Can in vitro assays help with in vivo model selection?
In vitro assays using primary human blood cells from healthy donors can elucidate mechanism of action if you are modulating cell behavior in the expected way. Assays can be customized to fit your needs, though available assays include T cell assays, dendritic cell and macrophage assays, and neutrophil assays. These can be complex multicellular assays or more simple assays. In addition, epithelial barrier assays can be run with co-culture of anaerobic bacteria and addition of immune cell subsets.
What is the microbiome?
The microbiome is composed of the bacteria, fungi, protozoa, and viruses that live on and inside the human body. Our gut, particularly the large intestine, is colonized by a huge and diverse microbiome. The number of genes in one person’s microbiome is 200 times the number of genes in the human genome2. In addition to engaging in cross-talk, the bacteria in the microbiome regulate our immune system and epithelial barrier layer and help protect against pathogens.

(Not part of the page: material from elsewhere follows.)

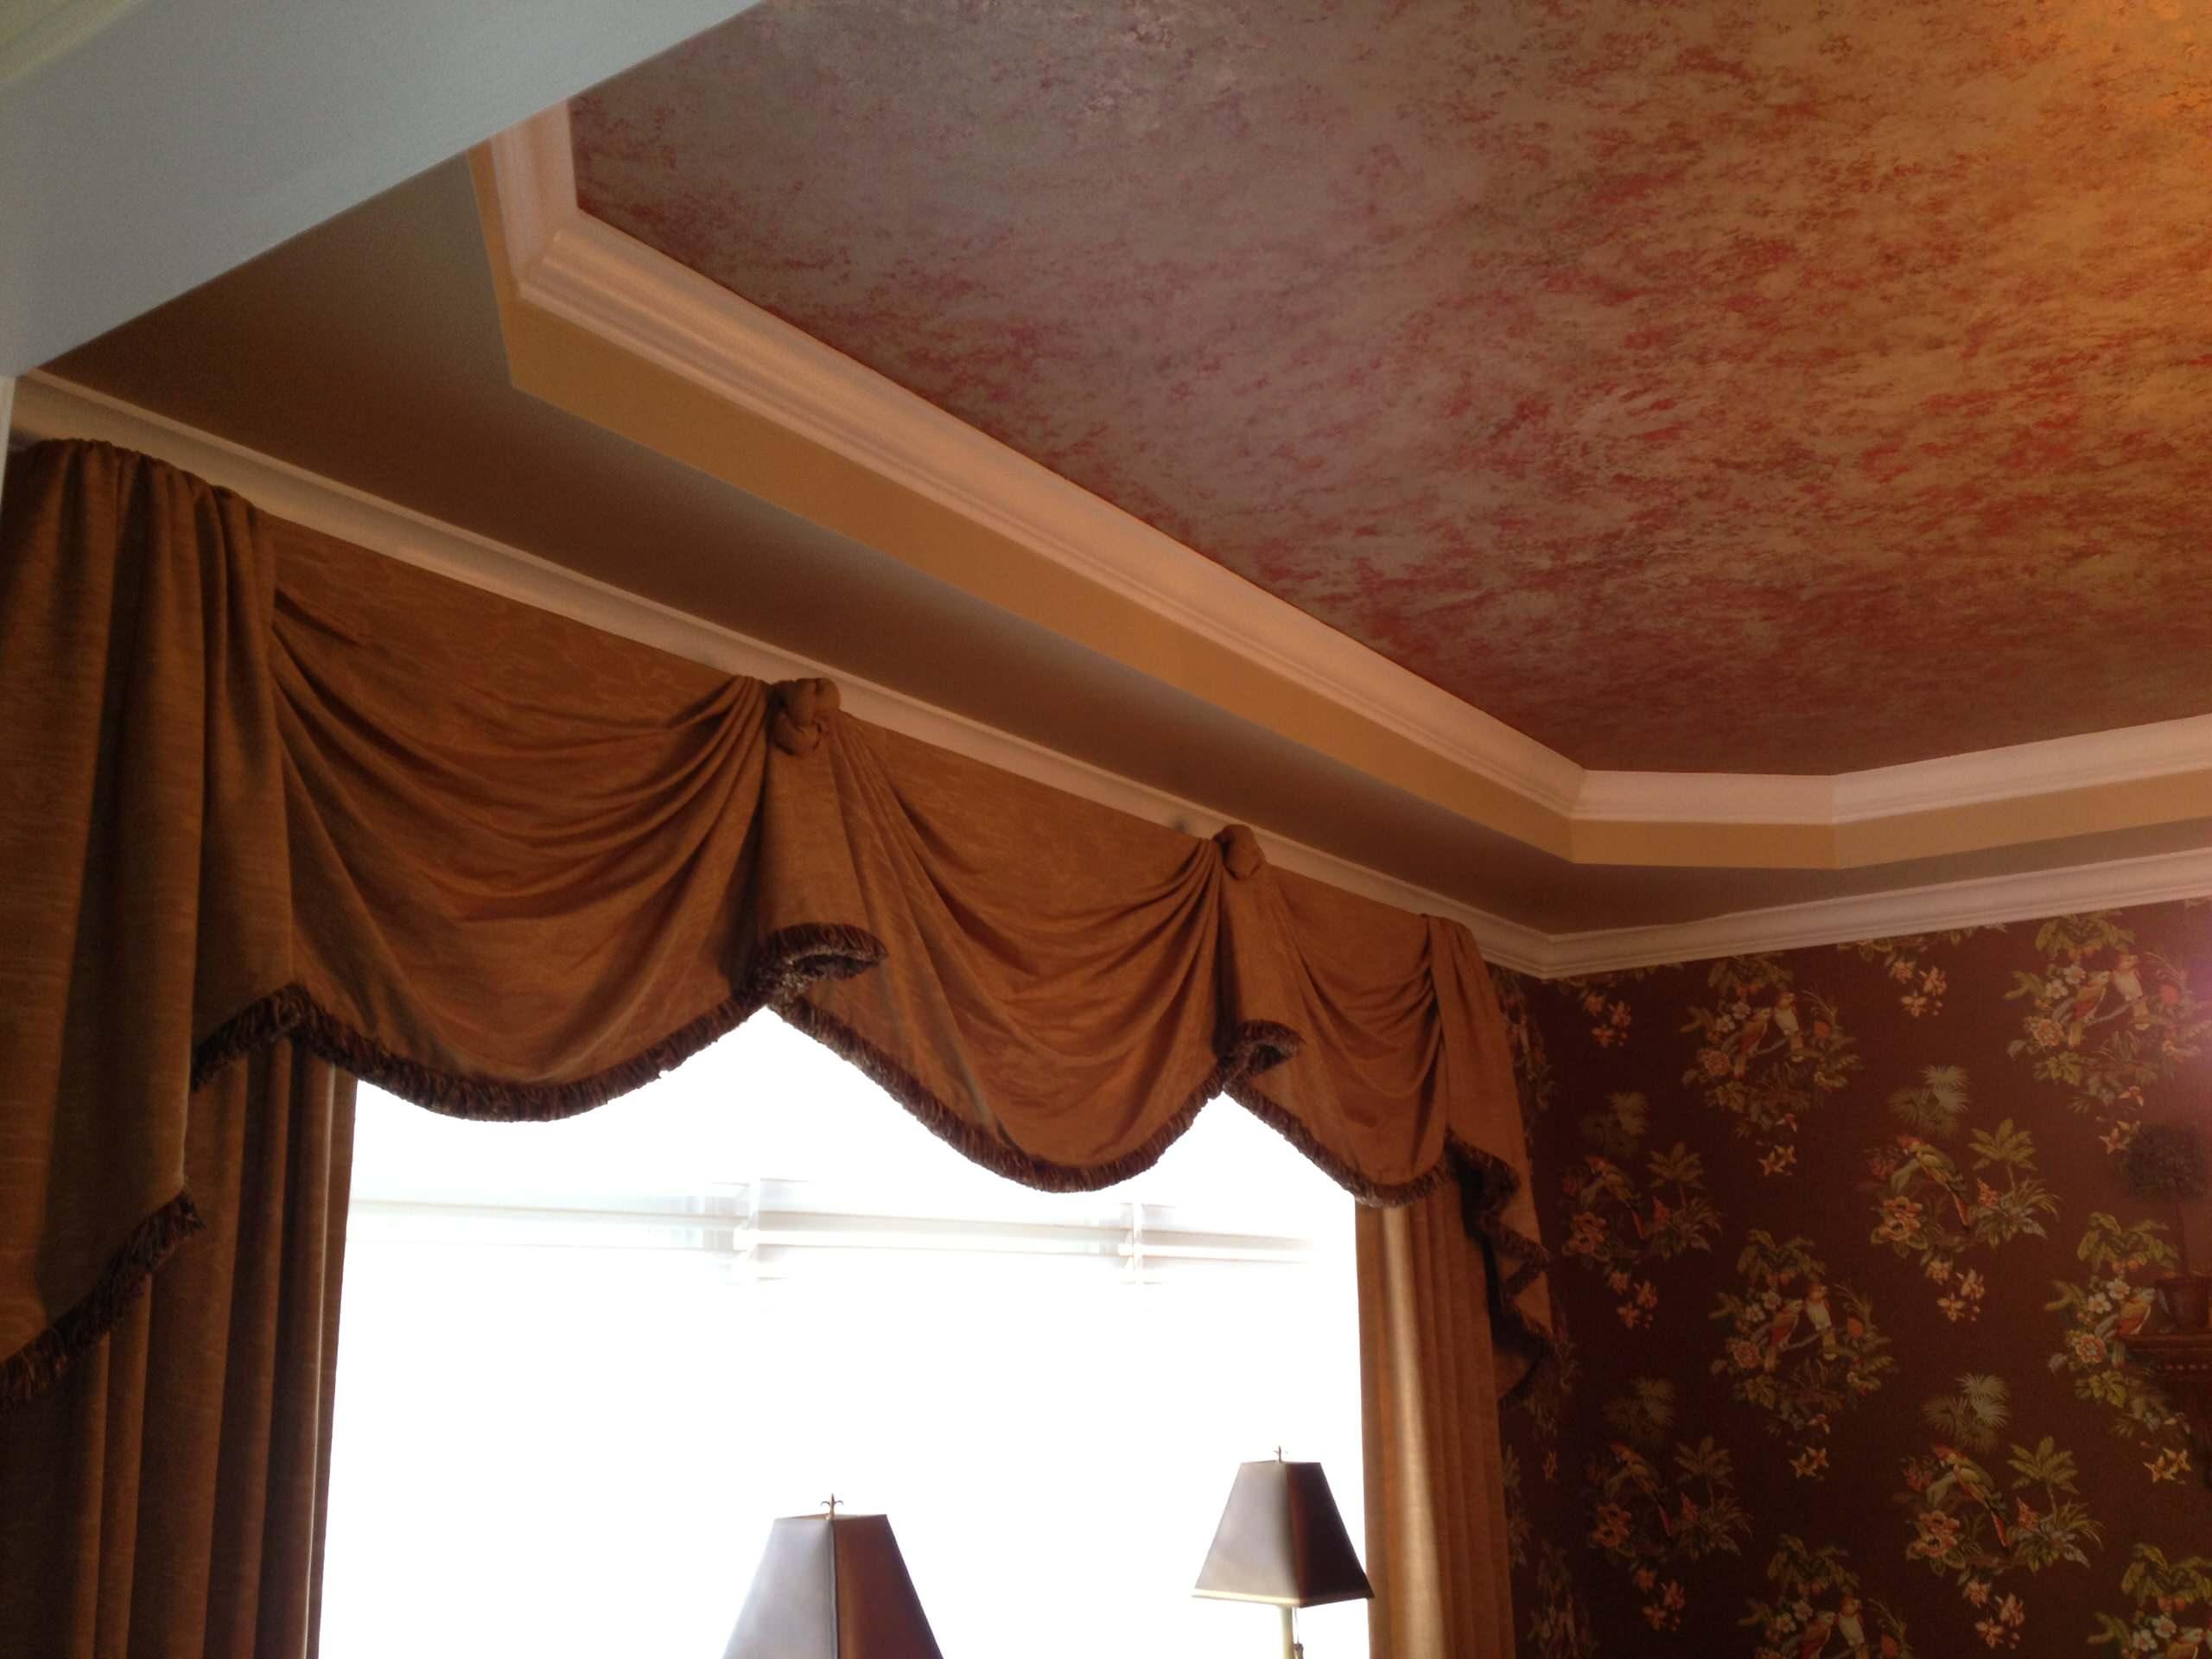 Valence window treatments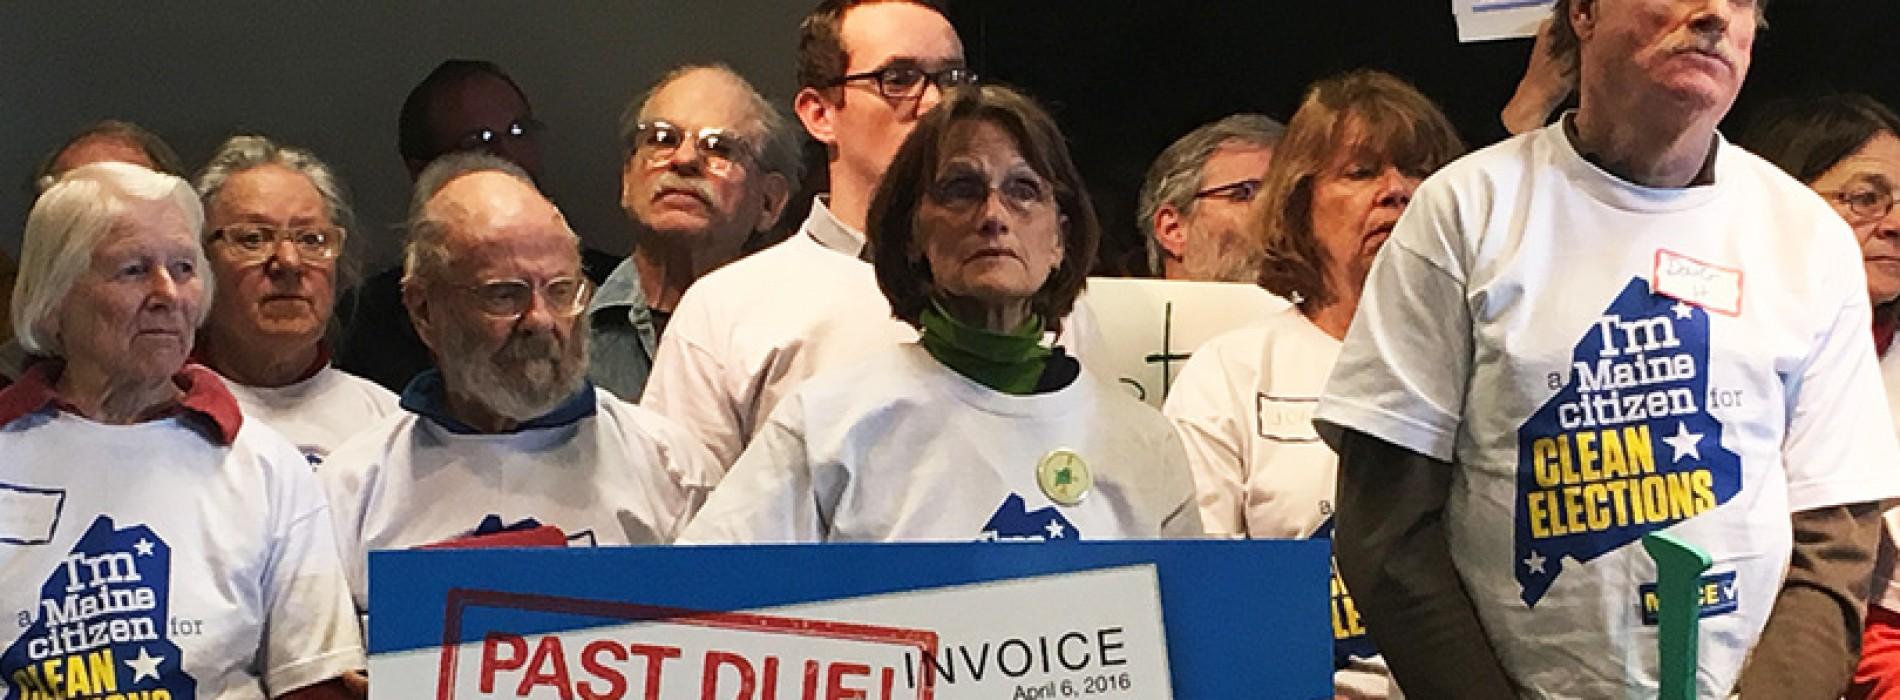 Maine Senate Republicans defy Clean Elections referendum, protect offshore tax havens

(2) Andrew B. Shreiner and al. The gut microbiome in health and in disease - https://www.ncbi.nlm.nih.gov/pmc/articles/PMC4290017/
What is a translational drug discovery program?
Translational research seeks to produce more meaningful, applicable results that directly benefit human health. The goal of translational research is to translate discoveries more quickly and efficiently into clinic. This can be accomplished with disease-relevant models that accurately reflect the human condition.